Pipelines is implemented onto a machine in stages, where each stage executes, in parallel, an instruction. Each stage is connected one to another, in order to form a pipe, where at one end of the pipe, instructions enter, go through each stage and exist at the other end of the pipe. A machine cycle, is the time required to move an instruction, from one stage in the pipeline, to the next. The slowest pipeline stage, will determine the length of the machine cycle. In order to implement pipelining, the state controller, have to be modified and more registers, between pipeline stages have to be added.

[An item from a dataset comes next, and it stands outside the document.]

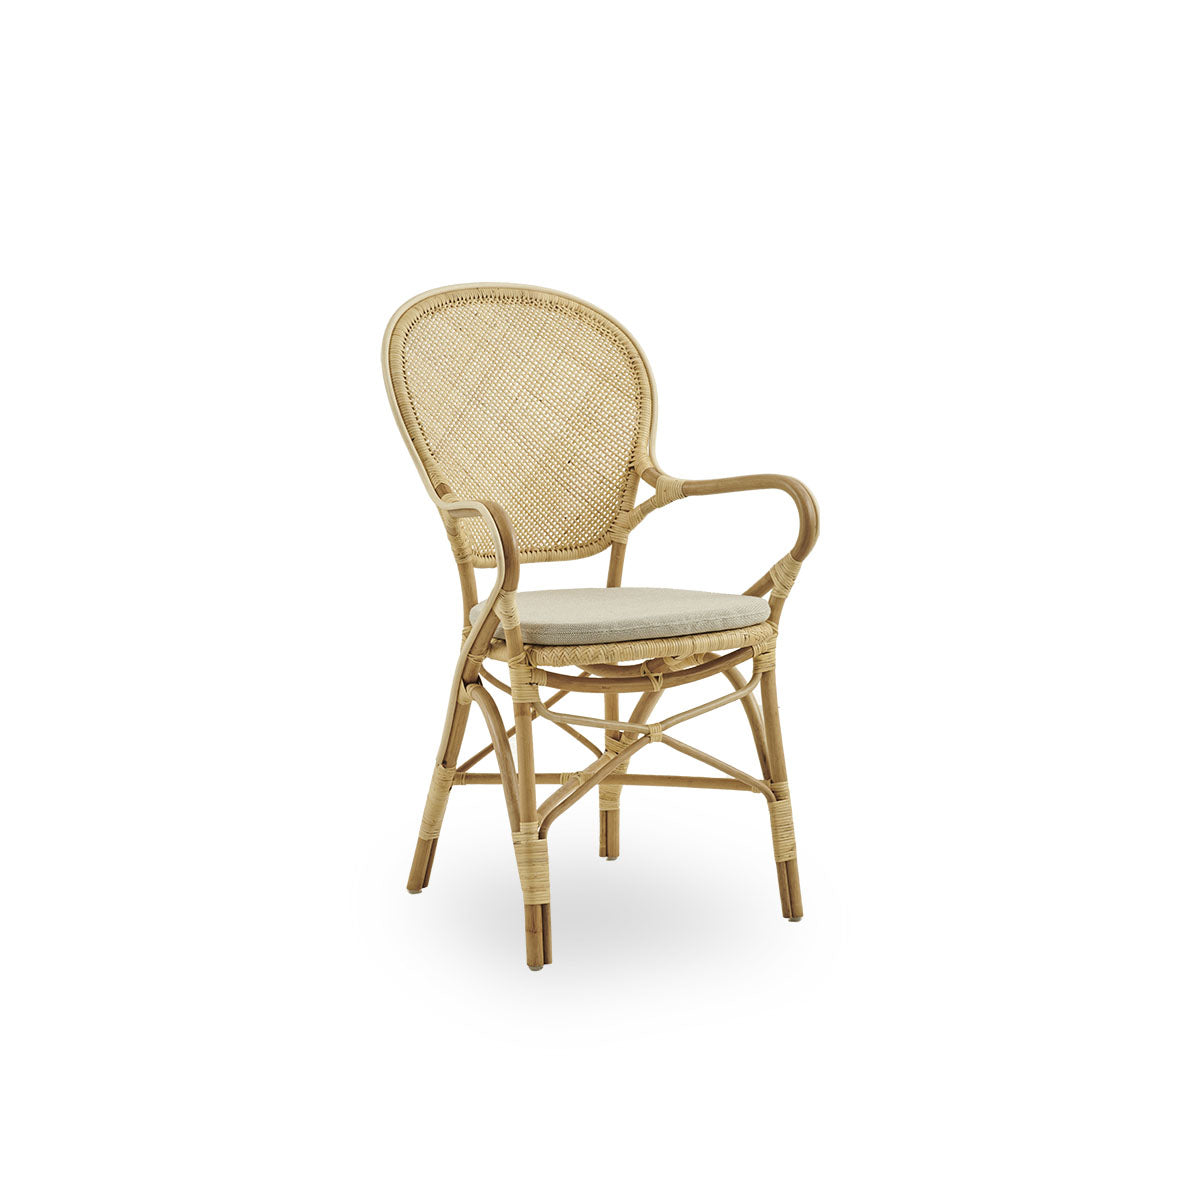 Sika Design シカデザイン Rossini Arm Chair9枚目が市場目立つ傷です

The instructions a CPU receives come through a pipeline, which can be compared to a hose that is filled with marbles, which are instructions for the CPU. An advanced pipeline microprocessor, has major challenges, when it is being designed, because structural, control and data hazards exist. The efficiency of a single-instruction processor, is believed to be improved through the multiple-instruction or pipeline microprocessors, in computer architecture. In a multiple-cycle processor, there are four known stages: Instruction fetch, decode, execute and writeback. The pipeline microprocessor, has a CPI or cycle per instruction, which is several times larger than the CPI of a single instruction microprocessor. In order to design high performance processors, the pipeline architecture is generally combined with RIST or reduced instruction set computer.
When there is a conflict in the execution of multiple instructions, then it is said that pipeline microprocessor hazards, may occur. Pipeline hazards, don’t allow the next set of instructions, to be executed, in its designated clock cycle. The performance is usually lost, due to pipeline hazards; therefore, hazards must be avoided.

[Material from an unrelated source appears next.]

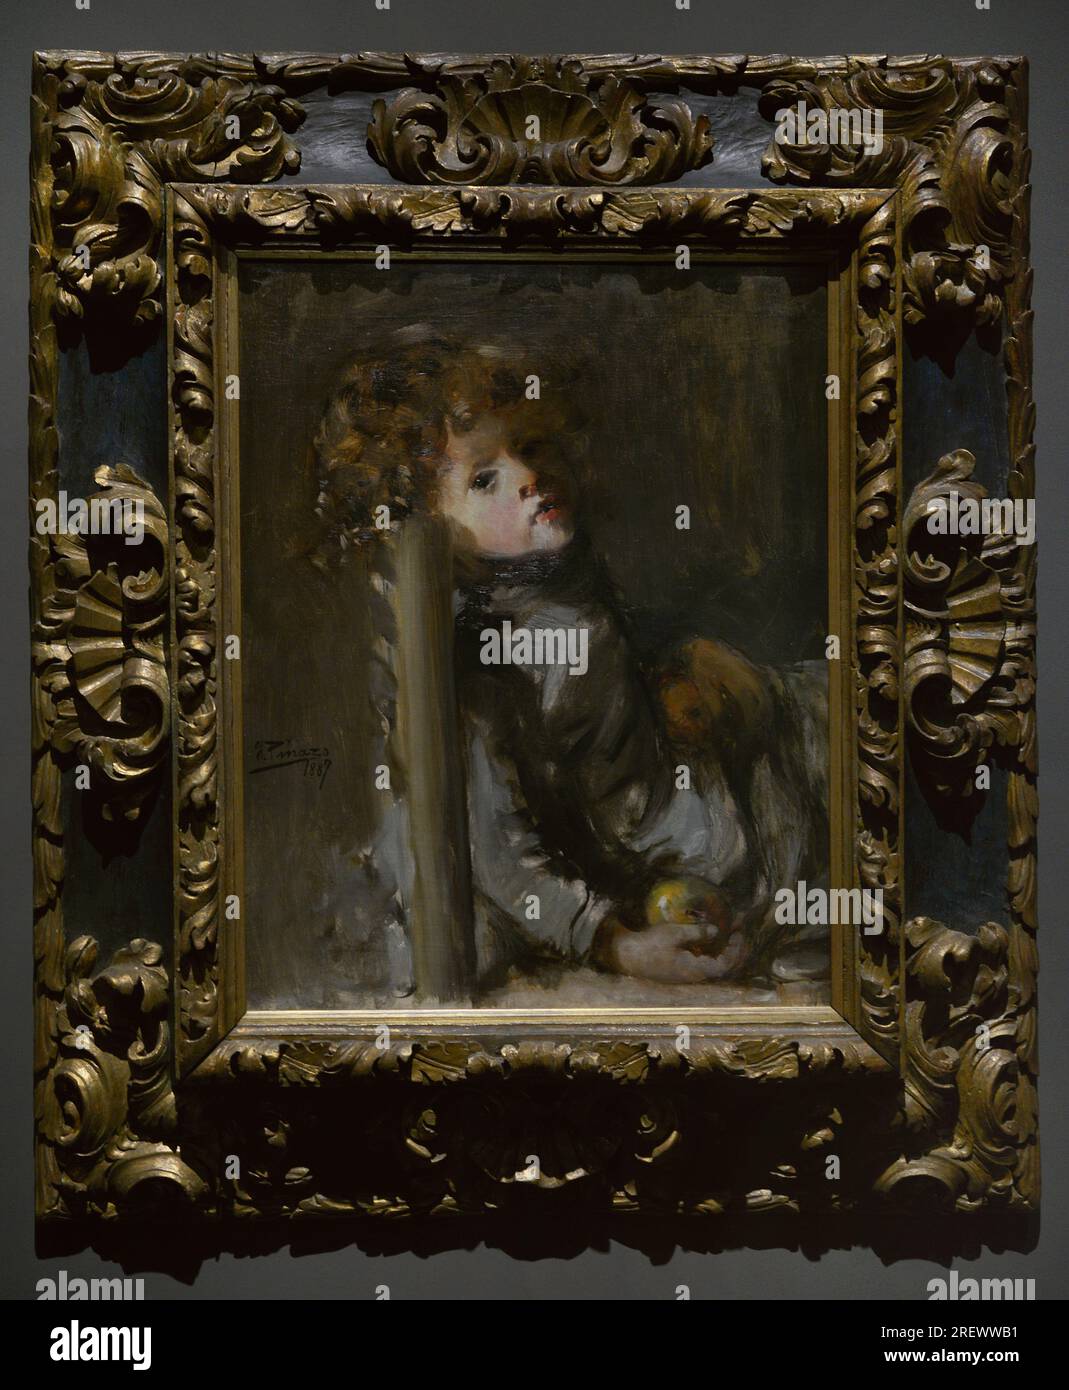 Ignacio Pinazo (1849-1916). Spanish painter. The Artist's Son, Ignacio, Seated, 1887. Oil on canvas, 65 x 53 cm. Prado Museum. Madrid. Spain. Stock Photo

If resources or hardware components conflict, due to them being busy and insufficient, to support the execution of pipeline instructions, then it is said that a structural hazard exists. The structural hazard occurs, when some functional unit has not been fully pipelined or resources can’t accommodate all combinations, in the pipeline to be executed. If a machine for example, only have one write port, but may want to perform two writes in one clock cycle, under certain conditions, then a structural hazard will be generated.
The pipeline will usually stall an instruction, during this type of hazard, until the resources that is required to execute the stalled instruction is available. The clock cycle per instruction will increase, from its ideal one cycle, when such stalls occur.

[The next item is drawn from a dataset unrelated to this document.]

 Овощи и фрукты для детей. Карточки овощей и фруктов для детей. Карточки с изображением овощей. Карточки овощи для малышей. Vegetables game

The data hazard is another type of pipeline hazard, and it occurs during a read/write access change, which happens to the operands. When an instruction is dependent on some data, which needs to be committed first, before it can be executed, then it is said that data hazard has taken place. Data dependences are the cause of data hazards and there are three types of these type of hazard: RAW (read-after-write) – WAW (write-after-write) – WAR (write-after-read). The next and final pipeline hazard is the control hazard, and this hazard occurs when, the next instruction that needs to be executed in not yet known. Also the program counter may change due to a control hazard, due to instructions which disrupt the sequential flow of control. When unconditional branches, conditional branches, indirect branches, procedure calls and procedure returns are present as instructions, then this can introduce control hazard to the pipeline.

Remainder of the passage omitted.